I’m
what you call your basic tortoise. I walk slowly. I overthink
everything. I eat so methodically that restaurateurs who value
table-turnover pay me to stay away. And if you think I’m
slow, you should see my father or have met my late paternal
grandfather. Time is measured by sundial with those two guys.
Yet I
did marry one swift-moving hare of a woman. Wendy talks fast,
drives fast, eats fast. It used to make me crazy since I had
to ask her to repeat almost everything she said and would
sit in the passenger car seat clinging to the door handle,
wondering if I’d left proper instructions for my funeral.
For all
my troubles in keeping up with this lickety-split lady, her
energy level is a big reason she’s a super mom. In a
given day, she can do morning drop off, teach college classes,
head up a meeting to improve the parking lots of her campus,
email and phone a gaggle of friends, and get dinner ready
at day’s end. On the weekends and in-between teaching,
she takes the kids to extra-curricular activities, reads to
them constantly, leads weekend family hikes, and slips in
a date night with me.
I live
with this woman but can’t figure out how she does it.

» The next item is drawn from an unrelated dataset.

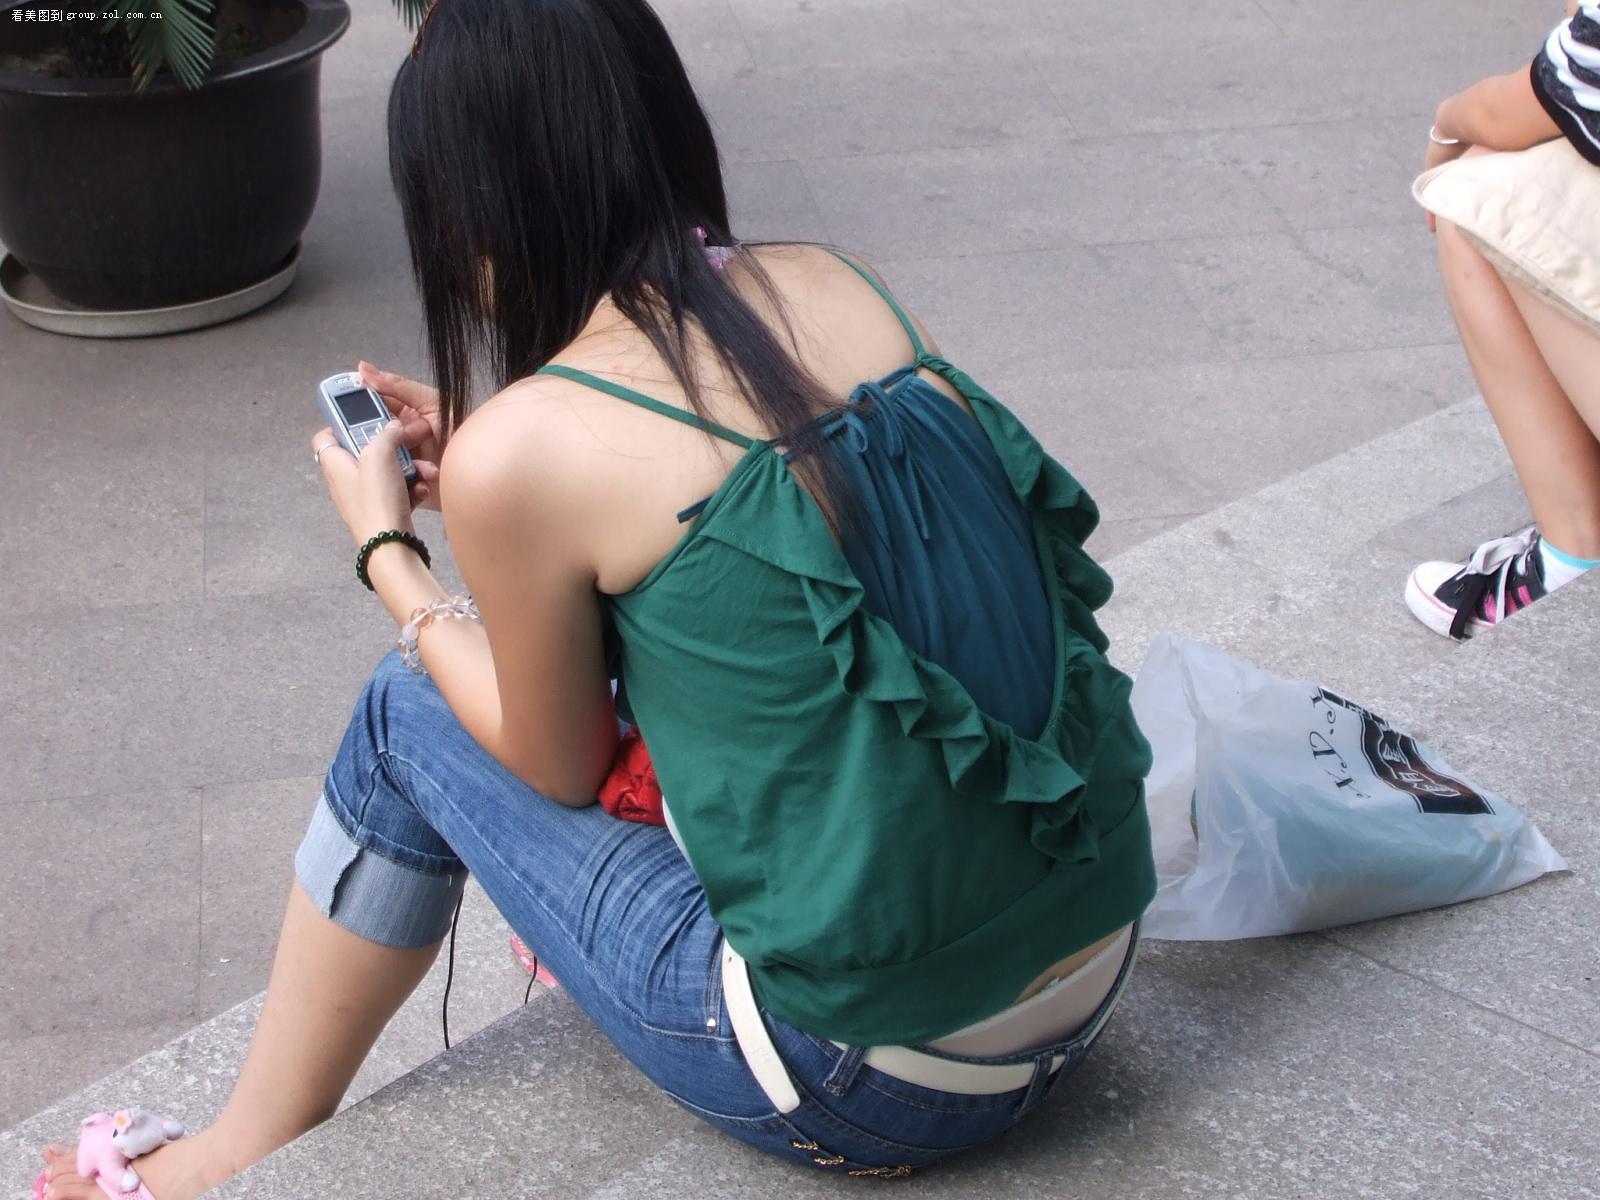 【女孩子的背】富士 v10--zol中关村在线

There’s no Ritalin or other foreign stimulants to sustain
her relentless multitasking. Just God-given fuel that keeps
her on “mom overdrive.”
Of course,
sometimes, she breaks down. She can be short-tempered with
the kids and I. She neglects my need to talk to her about
career stuff or emotions (yes, I’m frequently the “girl”
in the relationship). She leaves a mess of unopened mail and
clothes wherever she goes. And, once in a while, she falls
on the bed to cry that she’s a disaster as a mother,
wife, friend, etc. She may be fast, but she’s not a
machine.
Still,
working with this very human ball of fire has its rewards.

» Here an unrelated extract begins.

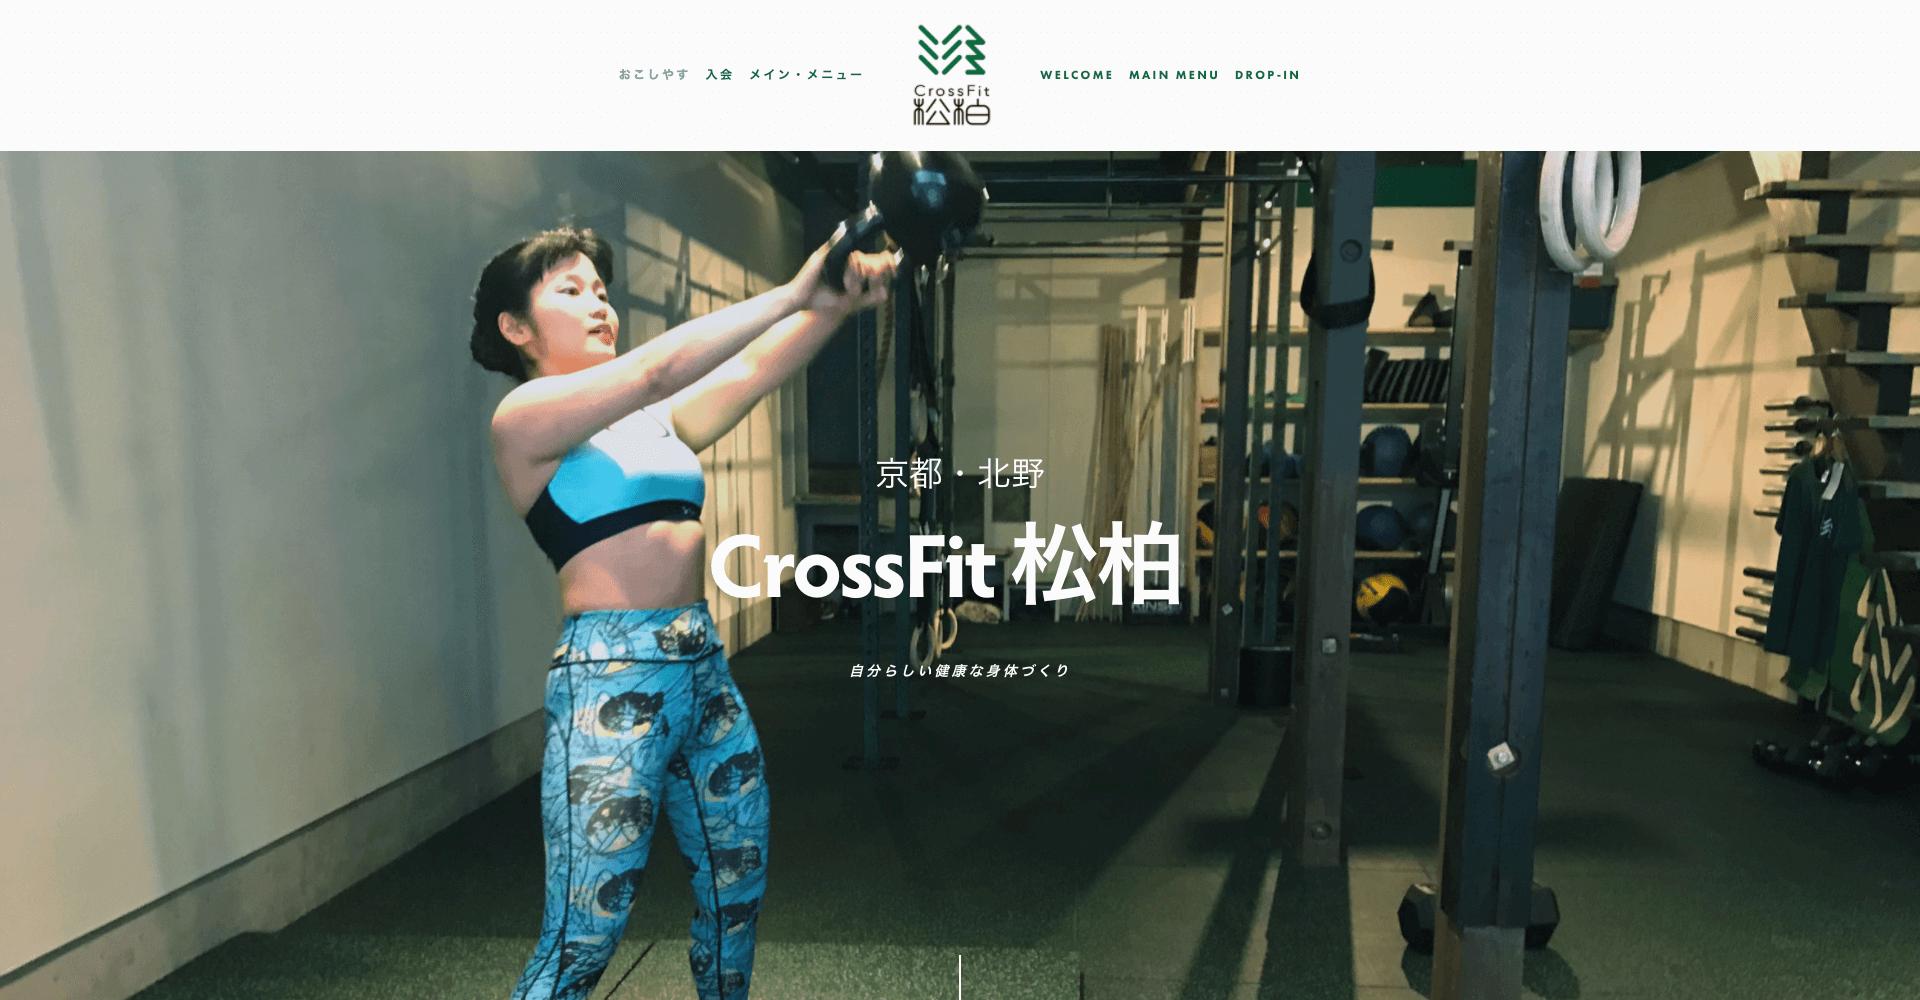 クロスフィット松柏 CrossFit Shohaku

While getting the soap out of little Ari’s hair as I
sing a Raffi song is one of my day’s bigger achievements,
my slowpoke style meshes with Wendy’s light-speed sprint.
I’m the one who assures our meals are well balanced
in the wake of my wife’s “just get ‘em fed”
efforts. I show my second-grader how to proofread his homework
after Wendy has prodded Benjamin to finish up. I spend hours
burning CDs, filled with the kids’ favorite songs, to
accompany us on road trips, following my partner’s whirlwind
packing to get us in the minivan.
After
15 years together, a little of Wendy has rubbed off on me,
too. Before meeting her, I broke out in hives with the anxiety
of trying to run a lunchtime errand in the middle of my workday.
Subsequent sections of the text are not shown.